В период между Первой и Второй мировыми войнами в американской исторической науке не появилось ни одной новой работы, посвященной 1812 г. и достойной внимания. Только в 1947 г. Л. Страховский наконец-то нарушил длительный перерыв в изучении американцами русской кампании Наполеона[531]. Работа оказалась заслуживающей интереса. В определенной степени она продолжила традицию британца Розбери и русского исследователя Надлера, хотя, по существу, к самой картине Бородинского сражения и не смогла добавить ничего нового. То же можно сказать о статье Лео Яреша, вышедшей в 1956 г.[532] Подобно книге британца У. Джексона, изданной в 1967 г., это было своего рода исследование природы «русской силы» в условиях «холодной войны».
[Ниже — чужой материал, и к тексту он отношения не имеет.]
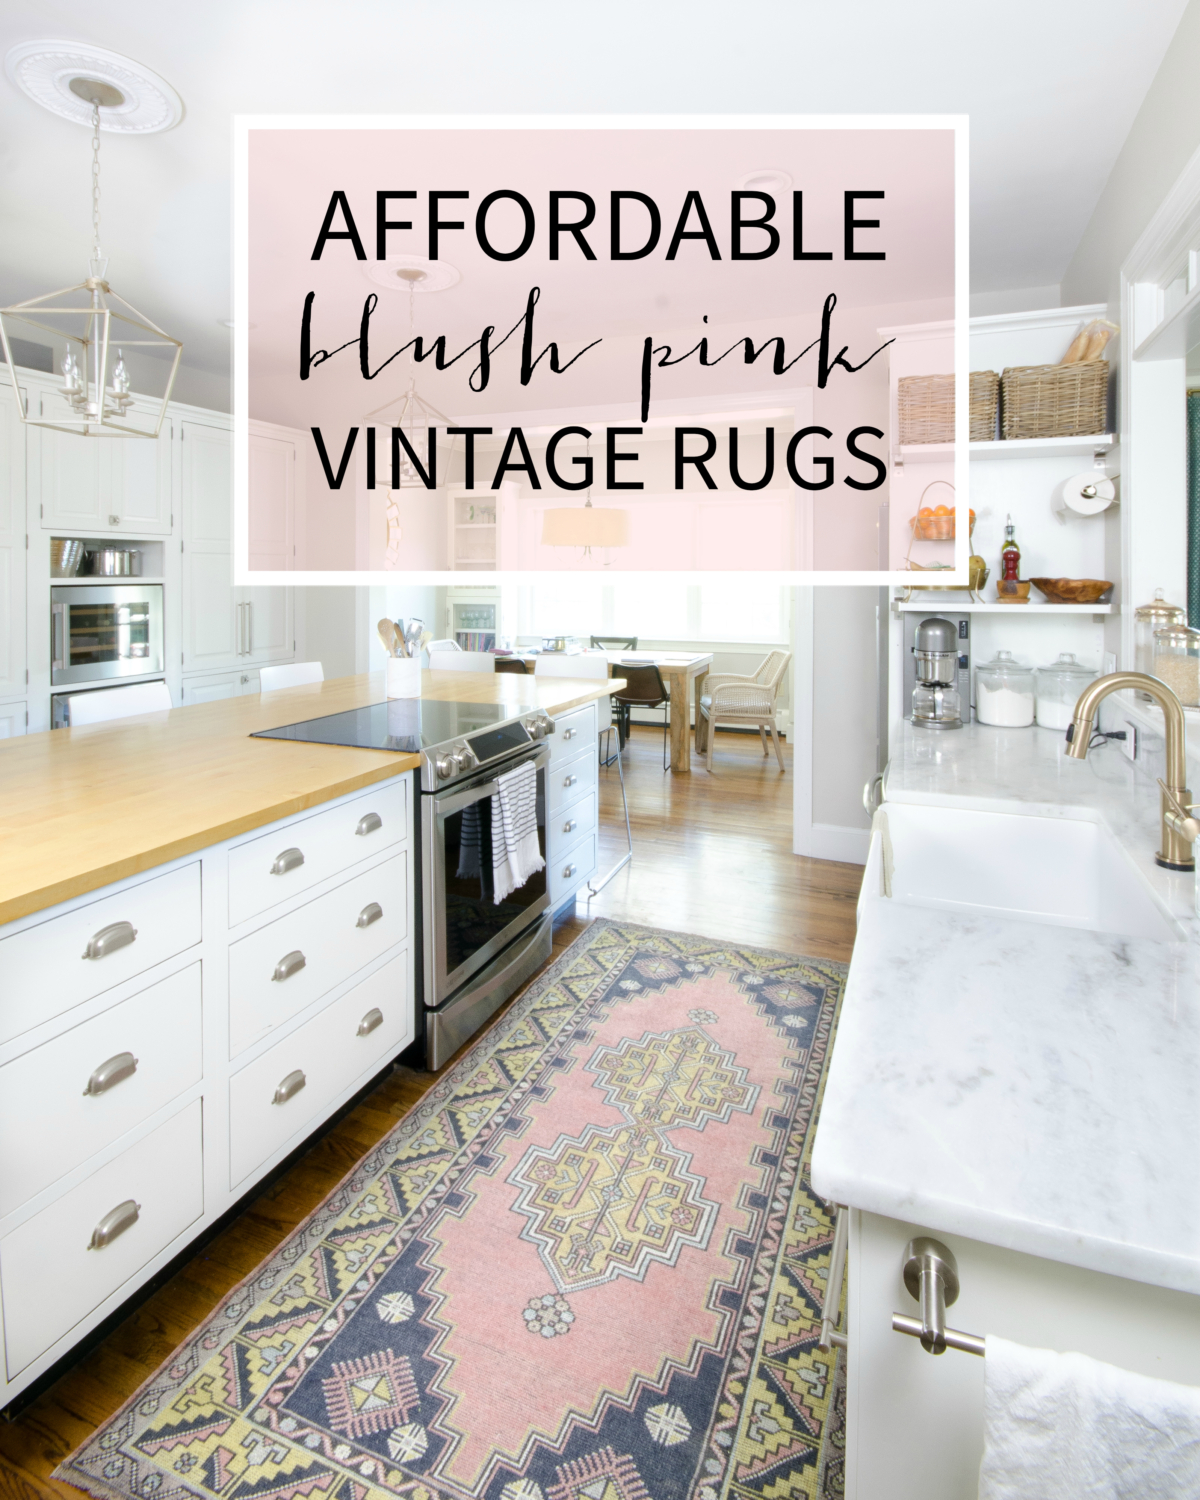 Blush vintage rug in a classic white kitchen, plus sources for similar vintage Turkish rugs in a variety of sizes, all affordably priced!

В 1965 г. Винсент Дж. Эспозито, бригадный генерал и бывший глава Департамента военного искусства и техники военной академии в Вест-Пойнте, и Джон Роберт Элтинг, полковник и доцент того же департамента, опубликовали своеобразный атлас военных карт по наполеоновской эпохе с коммментариями[533]. Точный план Наполеона на Бородинское сражение, отмечали Эспозито и Элтинг, недостаточно ясен. Реализация предложения Даву по обходу левого фланга русской армии, полагали они, без сомнения имела бы успех, но оно не было принято Наполеоном. Несмотря на в целом успешные действия Великой армии, особенно ее артиллерии, решительной победы добиться не удалось. В то время, когда около 11 утра произошло взятие «большого редута» дивизией Морана, пришло известие об атаке Уварова и Платова. Хотя этот рейд не принес русским серьезного успеха, так как Кутузов не поставил перед Уваровым ясной задачи, но он серьезно помешал Наполеону в осуществлении его планов. Потери составили 28–31 тыс. у французов и более 45 тыс. у русских. Французская армия, за исключением 30 тыс. гвардии, оказалась совершенно измотанной. Возможно, пишут авторы, Наполеон был еще более уставшим, чем его армия. О долговременных последствиях Бородинского сражения Эспозито и Элтинг предпочли ничего не писать.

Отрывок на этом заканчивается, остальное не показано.